Entries supplied: Begin

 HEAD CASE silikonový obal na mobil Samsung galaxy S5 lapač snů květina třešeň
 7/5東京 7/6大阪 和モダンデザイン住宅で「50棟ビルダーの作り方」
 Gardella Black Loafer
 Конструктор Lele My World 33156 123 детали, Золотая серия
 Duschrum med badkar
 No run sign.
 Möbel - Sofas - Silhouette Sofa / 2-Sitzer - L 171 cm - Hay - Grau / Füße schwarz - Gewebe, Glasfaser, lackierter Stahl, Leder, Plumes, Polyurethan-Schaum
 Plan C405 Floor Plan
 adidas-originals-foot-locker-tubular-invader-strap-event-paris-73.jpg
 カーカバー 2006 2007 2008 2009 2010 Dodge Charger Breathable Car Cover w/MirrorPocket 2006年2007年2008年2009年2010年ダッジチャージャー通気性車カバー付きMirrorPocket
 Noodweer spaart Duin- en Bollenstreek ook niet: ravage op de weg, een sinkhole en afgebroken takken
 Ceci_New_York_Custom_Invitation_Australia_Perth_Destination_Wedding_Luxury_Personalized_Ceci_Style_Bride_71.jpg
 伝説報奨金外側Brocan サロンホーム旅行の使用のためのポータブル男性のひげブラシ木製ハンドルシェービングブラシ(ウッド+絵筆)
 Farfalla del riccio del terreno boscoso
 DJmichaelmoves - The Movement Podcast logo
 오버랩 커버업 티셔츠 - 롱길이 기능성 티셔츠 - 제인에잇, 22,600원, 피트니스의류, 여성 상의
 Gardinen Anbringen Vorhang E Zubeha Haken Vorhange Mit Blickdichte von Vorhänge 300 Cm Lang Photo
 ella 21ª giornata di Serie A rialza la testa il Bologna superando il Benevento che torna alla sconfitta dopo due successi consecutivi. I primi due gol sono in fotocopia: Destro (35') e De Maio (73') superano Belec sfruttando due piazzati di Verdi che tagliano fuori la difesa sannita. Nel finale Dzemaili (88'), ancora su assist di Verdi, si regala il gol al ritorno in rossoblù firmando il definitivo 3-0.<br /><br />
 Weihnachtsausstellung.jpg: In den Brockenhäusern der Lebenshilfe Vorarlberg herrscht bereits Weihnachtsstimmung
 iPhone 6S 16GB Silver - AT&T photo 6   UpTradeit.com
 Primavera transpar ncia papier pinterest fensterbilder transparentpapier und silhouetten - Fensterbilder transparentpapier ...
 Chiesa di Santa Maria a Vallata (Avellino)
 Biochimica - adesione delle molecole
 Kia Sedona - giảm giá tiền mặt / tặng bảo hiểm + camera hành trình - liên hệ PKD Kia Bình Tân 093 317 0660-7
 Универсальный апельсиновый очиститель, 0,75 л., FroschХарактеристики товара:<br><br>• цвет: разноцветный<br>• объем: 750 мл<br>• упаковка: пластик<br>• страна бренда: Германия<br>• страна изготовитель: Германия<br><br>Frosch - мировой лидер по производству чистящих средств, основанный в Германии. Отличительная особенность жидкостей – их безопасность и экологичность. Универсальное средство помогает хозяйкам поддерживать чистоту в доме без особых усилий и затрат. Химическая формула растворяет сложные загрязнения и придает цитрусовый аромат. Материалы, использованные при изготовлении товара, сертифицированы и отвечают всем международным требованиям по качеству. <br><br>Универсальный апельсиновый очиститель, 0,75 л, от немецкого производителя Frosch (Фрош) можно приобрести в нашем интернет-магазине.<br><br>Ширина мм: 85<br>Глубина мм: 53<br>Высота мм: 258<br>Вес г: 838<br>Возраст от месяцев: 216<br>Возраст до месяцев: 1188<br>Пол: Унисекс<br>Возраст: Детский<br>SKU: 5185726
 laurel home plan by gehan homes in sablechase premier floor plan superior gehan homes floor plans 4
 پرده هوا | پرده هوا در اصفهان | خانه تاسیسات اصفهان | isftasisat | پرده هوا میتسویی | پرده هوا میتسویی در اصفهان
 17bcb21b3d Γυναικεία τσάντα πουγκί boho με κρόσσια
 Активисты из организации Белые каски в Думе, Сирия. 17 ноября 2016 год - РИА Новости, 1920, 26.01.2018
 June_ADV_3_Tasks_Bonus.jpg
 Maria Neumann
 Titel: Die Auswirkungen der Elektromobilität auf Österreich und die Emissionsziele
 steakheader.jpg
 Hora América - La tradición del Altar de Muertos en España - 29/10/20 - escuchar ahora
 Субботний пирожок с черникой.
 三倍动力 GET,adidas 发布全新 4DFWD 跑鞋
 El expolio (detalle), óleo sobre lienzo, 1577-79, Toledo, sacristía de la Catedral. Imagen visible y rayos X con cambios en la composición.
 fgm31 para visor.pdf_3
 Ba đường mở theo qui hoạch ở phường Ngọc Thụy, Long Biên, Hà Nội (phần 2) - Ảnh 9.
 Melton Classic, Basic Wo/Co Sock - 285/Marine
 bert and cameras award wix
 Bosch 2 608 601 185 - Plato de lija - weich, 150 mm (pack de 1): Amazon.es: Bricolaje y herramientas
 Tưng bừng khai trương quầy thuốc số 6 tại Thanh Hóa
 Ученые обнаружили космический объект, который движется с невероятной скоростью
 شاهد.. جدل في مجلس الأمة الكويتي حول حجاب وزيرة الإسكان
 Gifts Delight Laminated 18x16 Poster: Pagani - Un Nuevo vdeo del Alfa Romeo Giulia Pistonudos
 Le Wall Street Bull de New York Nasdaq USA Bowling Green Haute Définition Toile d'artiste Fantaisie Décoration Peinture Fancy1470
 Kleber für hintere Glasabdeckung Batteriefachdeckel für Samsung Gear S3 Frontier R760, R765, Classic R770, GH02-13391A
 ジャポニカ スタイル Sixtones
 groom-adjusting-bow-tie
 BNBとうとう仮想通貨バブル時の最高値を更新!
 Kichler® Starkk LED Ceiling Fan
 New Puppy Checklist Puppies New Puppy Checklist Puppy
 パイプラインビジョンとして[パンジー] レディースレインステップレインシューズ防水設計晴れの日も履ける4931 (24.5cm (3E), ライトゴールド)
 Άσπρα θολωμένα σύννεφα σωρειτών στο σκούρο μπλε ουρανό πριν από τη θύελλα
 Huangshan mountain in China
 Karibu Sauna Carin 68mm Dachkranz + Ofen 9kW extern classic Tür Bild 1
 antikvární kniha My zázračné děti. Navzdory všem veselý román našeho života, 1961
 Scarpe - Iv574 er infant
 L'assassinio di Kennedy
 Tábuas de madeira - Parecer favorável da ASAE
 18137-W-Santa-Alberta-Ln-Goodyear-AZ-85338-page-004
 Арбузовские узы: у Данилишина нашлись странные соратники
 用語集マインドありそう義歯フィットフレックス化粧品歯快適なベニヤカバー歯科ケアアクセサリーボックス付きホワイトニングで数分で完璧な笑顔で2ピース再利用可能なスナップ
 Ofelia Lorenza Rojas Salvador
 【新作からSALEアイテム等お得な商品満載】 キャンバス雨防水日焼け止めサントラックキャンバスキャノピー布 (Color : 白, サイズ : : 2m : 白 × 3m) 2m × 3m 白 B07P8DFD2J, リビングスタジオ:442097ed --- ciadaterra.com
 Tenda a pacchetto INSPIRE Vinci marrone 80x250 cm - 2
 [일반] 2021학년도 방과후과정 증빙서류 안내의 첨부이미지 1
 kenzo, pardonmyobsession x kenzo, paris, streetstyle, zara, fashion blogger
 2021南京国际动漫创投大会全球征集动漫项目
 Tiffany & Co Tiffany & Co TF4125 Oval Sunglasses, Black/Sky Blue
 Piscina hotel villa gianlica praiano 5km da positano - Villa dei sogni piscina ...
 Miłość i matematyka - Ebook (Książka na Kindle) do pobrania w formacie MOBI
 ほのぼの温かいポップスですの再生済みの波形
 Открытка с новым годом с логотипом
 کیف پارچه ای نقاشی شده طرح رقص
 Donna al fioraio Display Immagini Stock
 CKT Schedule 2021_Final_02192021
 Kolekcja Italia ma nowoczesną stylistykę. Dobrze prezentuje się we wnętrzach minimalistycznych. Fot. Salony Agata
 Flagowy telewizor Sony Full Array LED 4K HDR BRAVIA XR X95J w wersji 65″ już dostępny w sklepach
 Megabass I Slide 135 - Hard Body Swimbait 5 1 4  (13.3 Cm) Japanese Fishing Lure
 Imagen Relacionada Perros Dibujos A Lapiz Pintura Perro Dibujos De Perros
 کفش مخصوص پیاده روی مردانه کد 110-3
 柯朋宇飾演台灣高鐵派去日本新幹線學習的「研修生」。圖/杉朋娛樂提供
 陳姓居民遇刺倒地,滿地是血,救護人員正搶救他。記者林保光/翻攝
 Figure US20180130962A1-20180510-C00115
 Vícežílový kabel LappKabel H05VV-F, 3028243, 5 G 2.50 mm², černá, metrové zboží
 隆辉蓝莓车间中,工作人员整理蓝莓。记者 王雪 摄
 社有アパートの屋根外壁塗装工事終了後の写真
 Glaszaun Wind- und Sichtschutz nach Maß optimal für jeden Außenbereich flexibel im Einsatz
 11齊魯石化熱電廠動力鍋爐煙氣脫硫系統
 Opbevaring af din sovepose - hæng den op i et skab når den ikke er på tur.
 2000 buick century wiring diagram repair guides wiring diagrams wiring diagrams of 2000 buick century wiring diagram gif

Entries supplied: End

## Instructions to follow
Each line from the top of the data, up to and including the line that contains "No run sign.", should be set down exactly.

## Solution to this exercise
 HEAD CASE silikonový obal na mobil Samsung galaxy S5 lapač snů květina třešeň
 7/5東京 7/6大阪 和モダンデザイン住宅で「50棟ビルダーの作り方」
 Gardella Black Loafer
 Конструктор Lele My World 33156 123 детали, Золотая серия
 Duschrum med badkar
 No run sign.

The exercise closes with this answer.